Hi,
I am working on an OpenACC code optimized to run on NVIDIA GPUs that I would like to run also on Intel CPUs to demonstrate its portability, but I am getting quite bad performances.
Analyzing the compiler output when compiling with -ta=multicore and -tp=haswell I noticed that the most compute demanding functions were not parallelized/vectorized.
On the contrary they are when using -ta=tesla.
In particular the core of these functions is made up by 4 nested loops such as:
and for all of them the compiler output is similar to:
my_function:
50, Loop is parallelizable
Generating Multicore code
50, #pragma acc loop gang
50, Loop not vectorized/parallelized: too deeply nested
53, Loop is parallelizable
56, Loop is parallelizable
59, Loop is parallelizable
Loop not vectorized: data dependency
Why does the compiler report “#pragma acc loop gang” to be the pragma associated to the outer loop whatever pragma I try? For example if I try “#pragma acc loop independent collapse(3)”, it still reports: “#pragma acc loop gang”. Is it ignoring the specified pragmas?
Moreover, why does the compiler report “Loop not vectorized: data dependency” for the inner loop although I specified “#pragma acc loop independent vector”? Shouldn’t the “independent” clause be enough to ask not to check data dependencies between loop iterations?
Currently for multicore targets, the compiler is limited to a single gang loop. We do plan on expanding this. Also, we currently use classic auto-vectorization optimization but in the future expect to have the compiler use the “vector” clause to indicate to the compiler to vectorize the loop. For now, consider using the C99 “restrict” keyword and/or the “-Msafeptr” flag to help the compiler determine the independence of loop iterations.
We succeeded to solve the “Loop not vectorized/parallelized: too deeply nested” warning adding this option to the compiler (4 would be probably enough):
-Mvect=levels:5
Moreover we updated the pragmas using the tile clause, in order to adhere more strictly to the OpenACC spcifications:
Despite of that, although all the pointers passed as arguments to the function where declared as __restricted, we still experienced the “Loop not vectorized: data dependency” warning.
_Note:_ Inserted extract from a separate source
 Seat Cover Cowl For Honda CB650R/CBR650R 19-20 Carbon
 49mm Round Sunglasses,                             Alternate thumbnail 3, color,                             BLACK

Using -Msafeptr as a compiler option changed the compiler output, but it is still not vectorizing the code.
The output is now:
50, Loop is parallelizable
Generating Multicore code
50, #pragma acc loop gang
53, Loop is parallelizable
56, Loop is parallelizable
59, Loop is parallelizable
Loop not vectorized: mixed data types
Do you have any other suggestions?
p.s
The same code get compiled and run perfectly fine on GPUs and just changing the pragmas it could also be vectorized by the Intel compiler targeting CPUs, so I guess it should be “just” a matter of persuading the pgi compiler about the fact that it can vectorize it.
We’ve improved the compiler vectorization over the last few years and do support mixed data types, in particular things like mixed int and double. I’m not sure why we’re not able to vectorize it in this case.
Can you post a snip-it of the code, including the data types of the variables being used? Also, what version of the compiler are you using?
The code is quite complex, but maybe the important information is that in the body of the loop, apart from some integer computations for arrays indexing, all computations are performed on array items of user defined data structures, which actually contains “C99 double complex” data type.
Maybe the compiler have difficulties to understand that double complex data elements actually just maps to double?
We are able to vectorize double complex data types (which is a 16-byte data type, doubles are 8-bytes). However, we can’t currently vectorize 16-byte types mixed with 4-byte types. Do you have any floats in the expression? If so, can you make these doubles to see if it works around the problem?
is this limitation still present, or newer pgi versions allow to collapse two (or more) outer loops to increase the number of gangs?
I’ve been talking to our compiler engineers about this. According to them collapse should be working with a gang loop when targeting multicore. However, I have seen cases where the runtime profiles appear as if the collapse was ineffective.
I’ll continue to press them since it should be working but may not be in all cases. Are you able to send me a reproducing example (trs@pgroup.com)? That may help.
Hi,
I guess in our code it is working, since we can see different execution times when using it or not… I was just asking to know if it was worth to give it a try ;)
Anyhow, how would you profile the resulting executable to identify how the loops get divided across threads?
I tried to use pgprof and then the visual profiler, but I was not able to find this information… I was expecting to find it in a similar fashion as grid and blocks when targeting GPUs. Do I need to specify some particular flags to pgprof?
For OpenACC multicore targets, we use our OpenMP back-end where each “gang” gets mapped to a OpenMP thread. For more recent versions of pgprof, you can profile OpenACC multicore and it will show up on the timeline. You can also see the times from each of the individual thread from the “CPU” tab’s thread drop-down box.
You’ll only be able to see the gang level parallelism since we’ll use classical CPU vectorization for the vector loops.